Naval battle in the Forty Years War

The Battle on the Zuiderzee (October 11, 1573) was a naval battle during the Eighty Years' War in which a Dutch fleet triumphed over a larger and better-equipped Spanish fleet on the Zuiderzee.

==Prelude==
During the years prior to the Battle of the Zuiderzee, the largest Dutch city, Amsterdam, had not joined the uprising and remained loyal to the king of Spain. Because supply routes for cities in the area controlled by both the Spanish and the Dutch almost exclusively went through the Zuiderzee, Dutch rebels (calling themselves de Geuzen) attempted to disturb this route as much as possible in small skirmishes and raids against Spanish ports. In 1573 the Spanish Governor Maximilian de Henin Count of Bossu sent a fleet consisting of about 30 ships with a crew of over 1,300 people with the prerogative to halt the attacks and destroy the enemy force. This fleet also included his flagship, the Inquisition. Weighing in at just over 250 tons, the Inquisition had reinforced sides consisting of armored plating. Opposing Henin's fleet was a small fleet the Gueux managed to assemble. This fleet consisted of 24 much smaller and lightly armed ships. Altogether, this fleet consisted of around 700 men.

==Battle==
Henin and his fleet left Amsterdam on October 5 and immediately hit a standstill in the midst of his attack. Gueux forces continually attacked Henin's fleet. Due to the Gueux's lack of heavily armed ships, instead of a frontal assault against the Spanish fleet, they had chosen to attempt to board, and if possible capture the Spanish ships. If capture was not possible, the boats would be destroyed. Trying to minimize their casualties against the heavier guns, the Gueux attempted to head straight for the Spanish ships. But during the battle, heavy winds hindered the Dutch's attempts greatly, as the winds prevented their ships from getting near to the Spanish ships, and thus halting their chance of boarding. With their main mode of attack thwarted, the Dutch fleet was no match for the Spanish guns, and suffered heavy losses.
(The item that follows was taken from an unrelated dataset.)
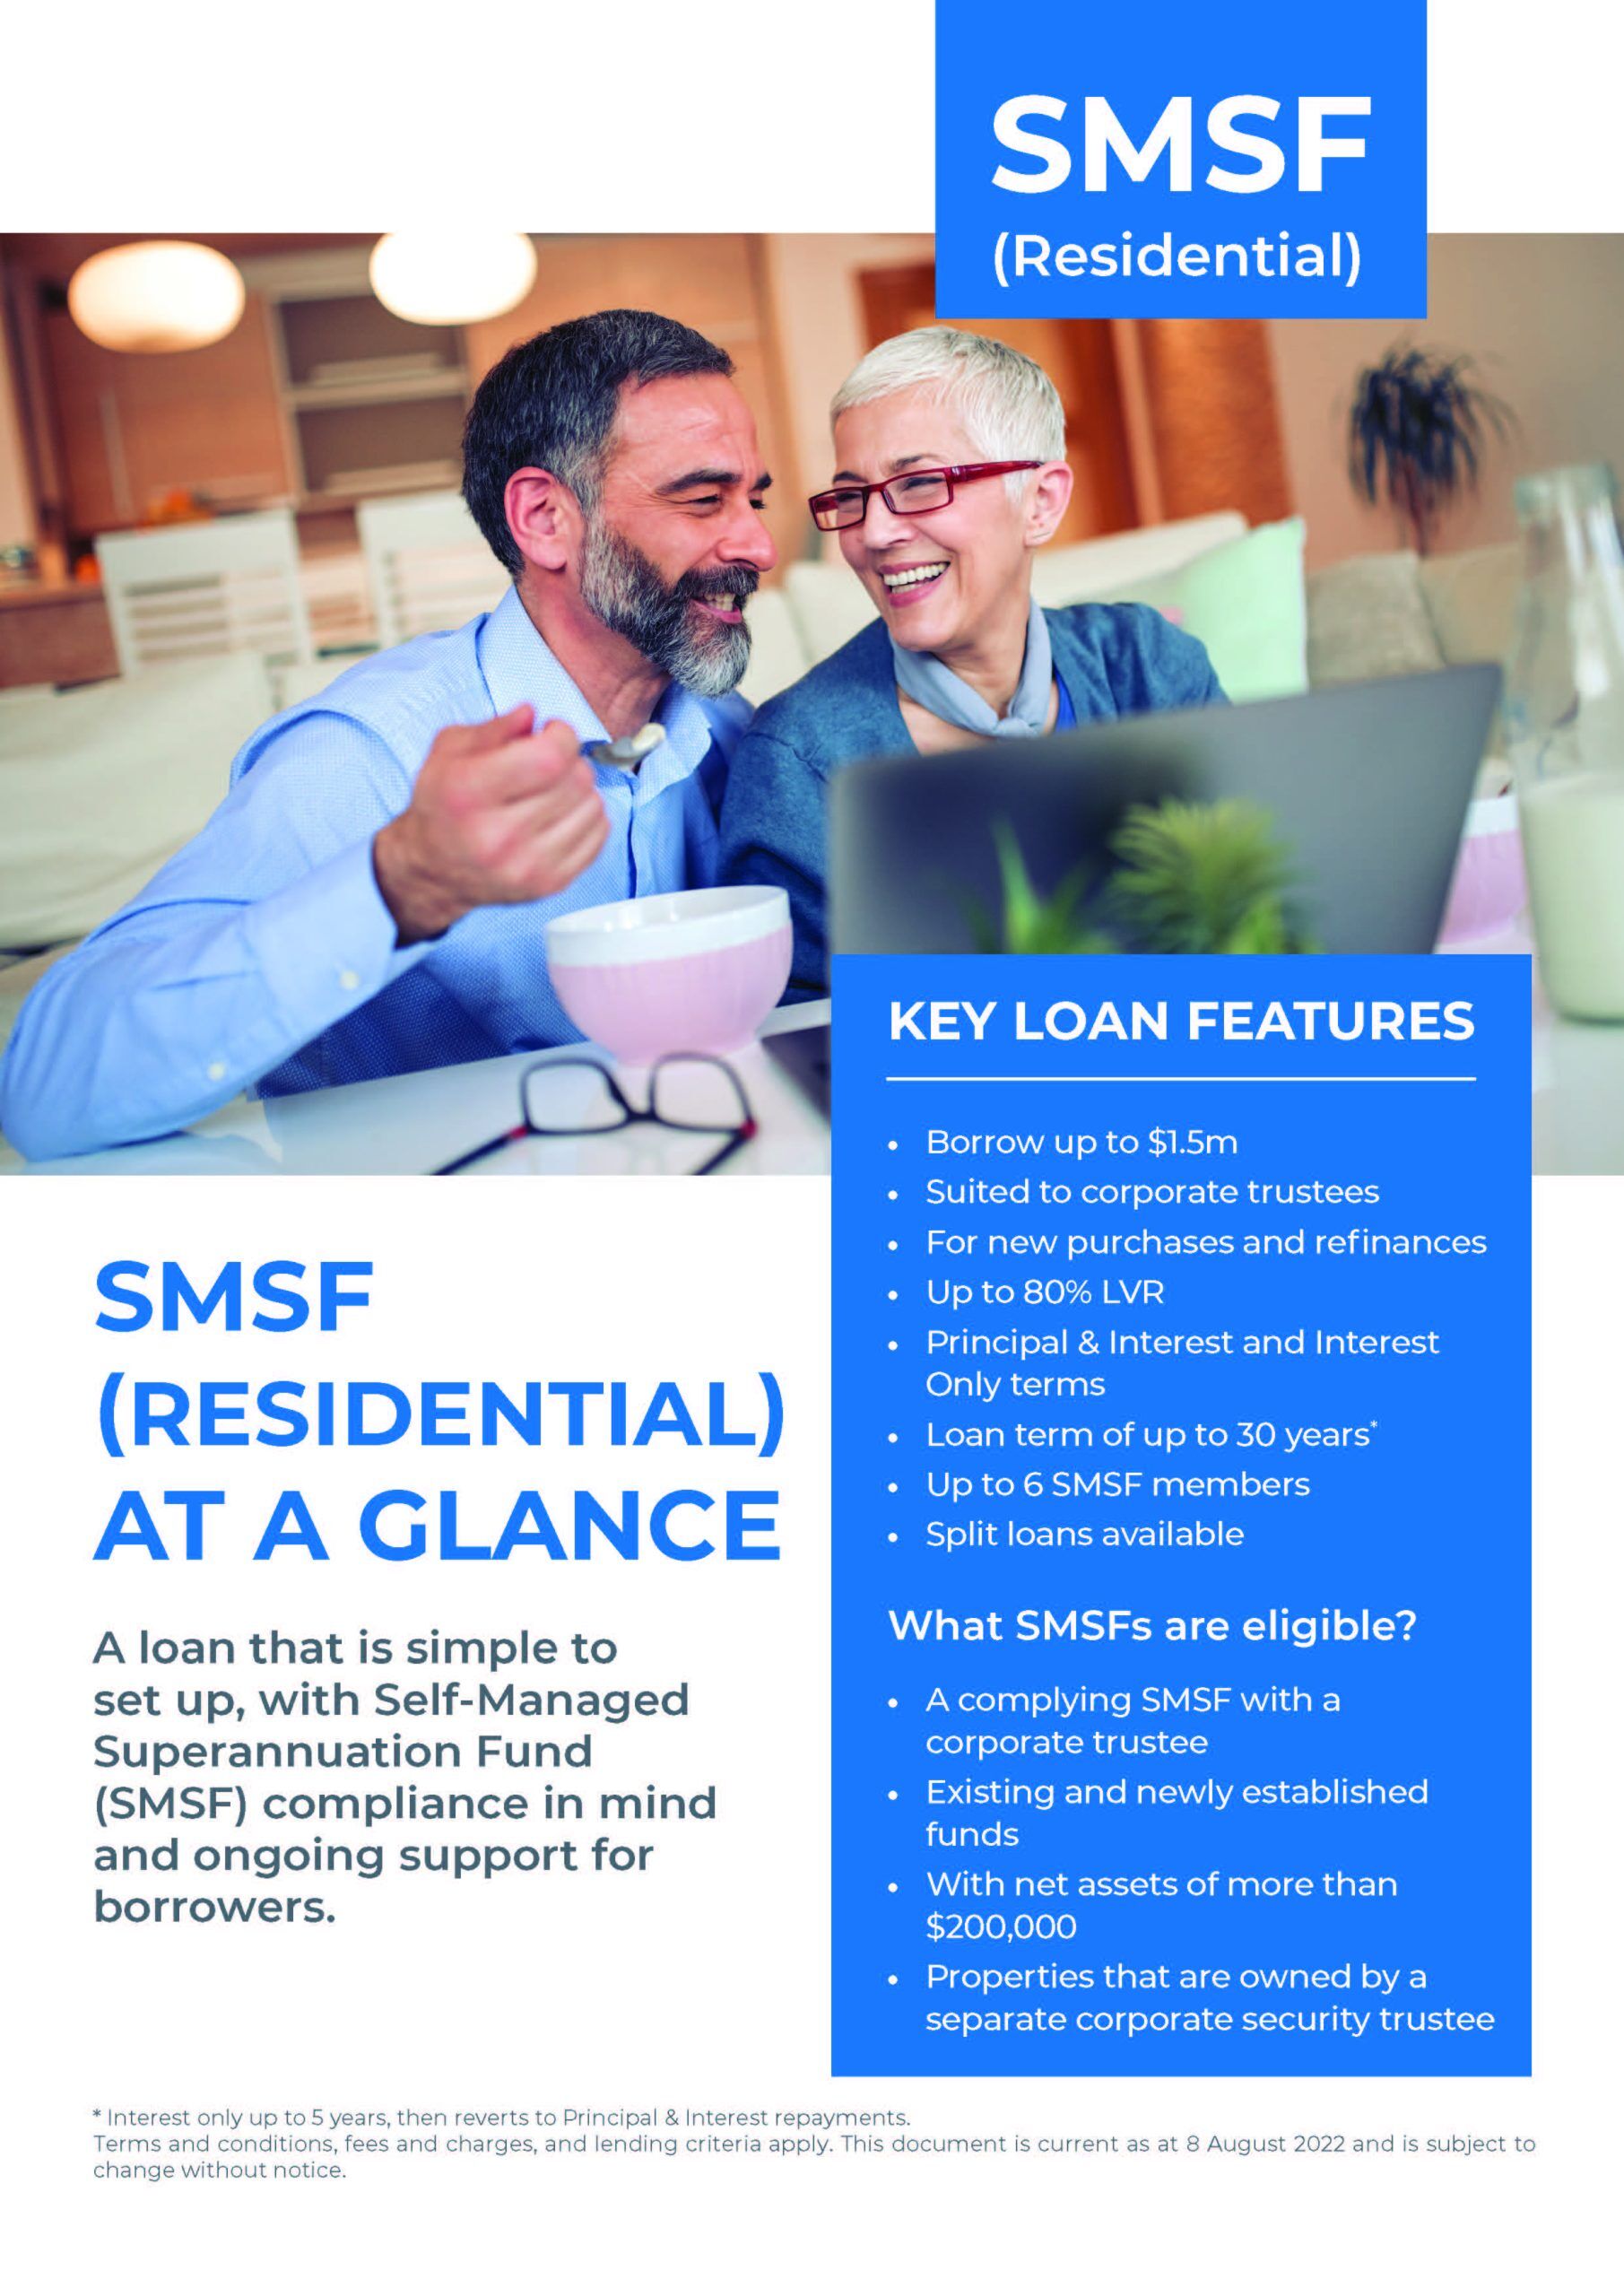 SMSF Borrowing for Property Loan Finance - Mortgage & Finance Brokers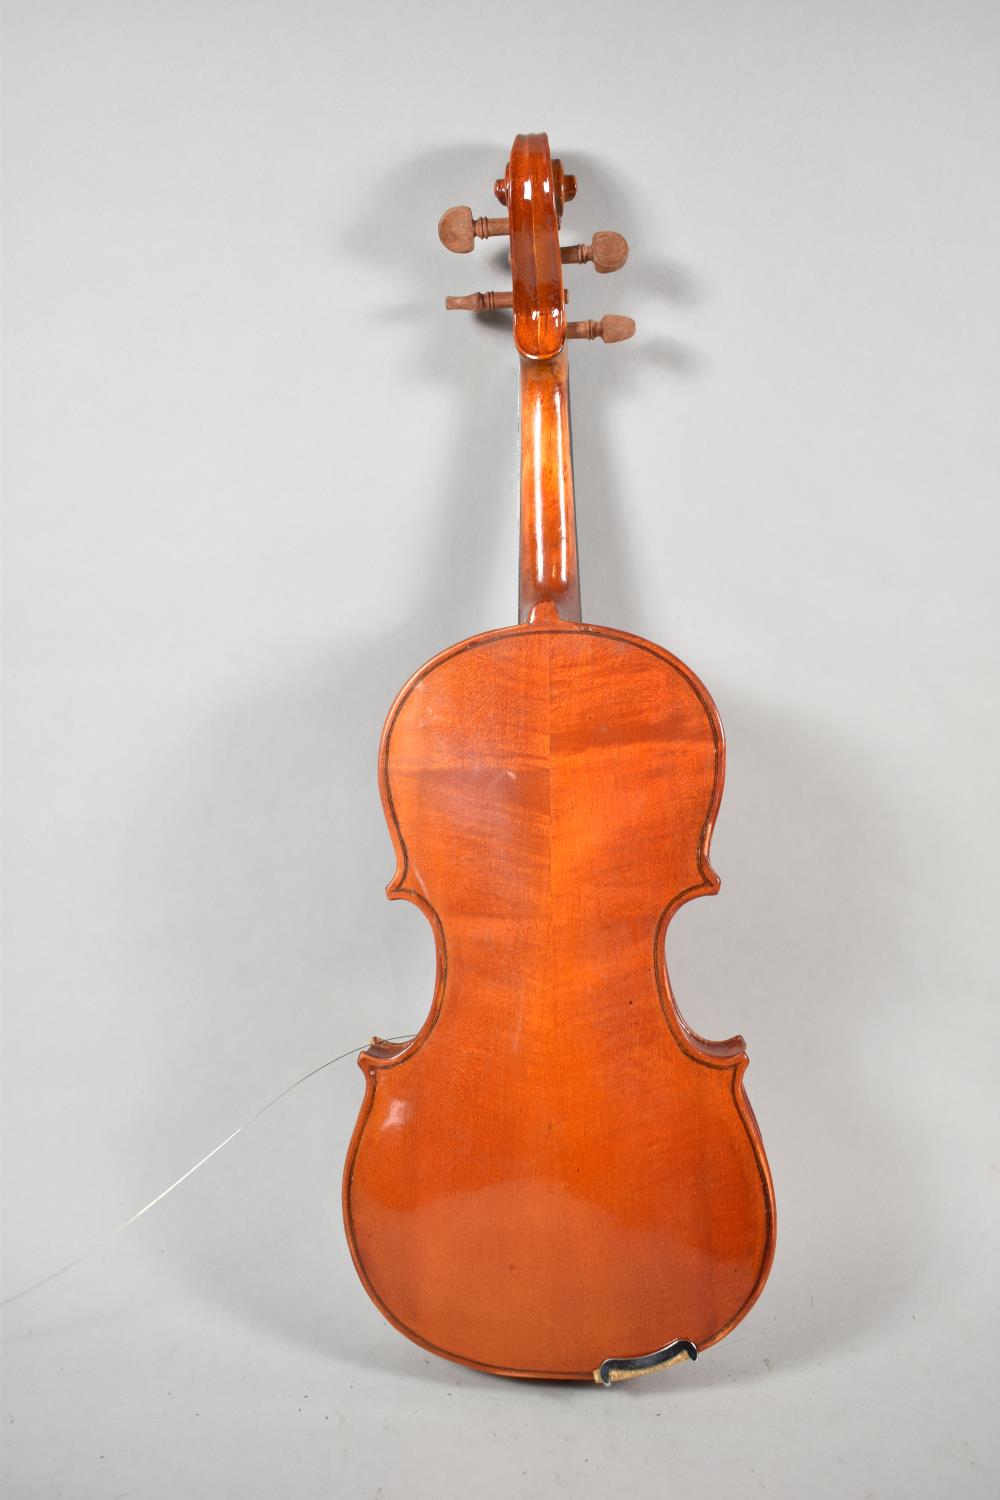 A Cased Stentor Child's Violin, the Stentor Student, Complete with Case and Bow - Image 3 of 9

It was not until October 11 that the wind turned and the Dutch could execute a surprise attack. During this attack, the Spanish flagship was boarded by the Dutch and during the course of the battle ran aground.

The rest of the Spanish fleet fled and Maximilien de Hénin-Liétard and his crew surrendered after the Dutch promised to spare their lives.

== Aftermath==

After this lost battle and the failed Siege of Alkmaar, the first city controlled by the Dutch rebels during the Eighty Years' War to resist the siege of the Spanish troops, Philip II started a change in policy and Fernando Álvarez de Toledo, 3rd Duke of Alba returned to Spain being replaced by Luis de Requesens y Zúñiga as governor of the Habsburg Netherlands.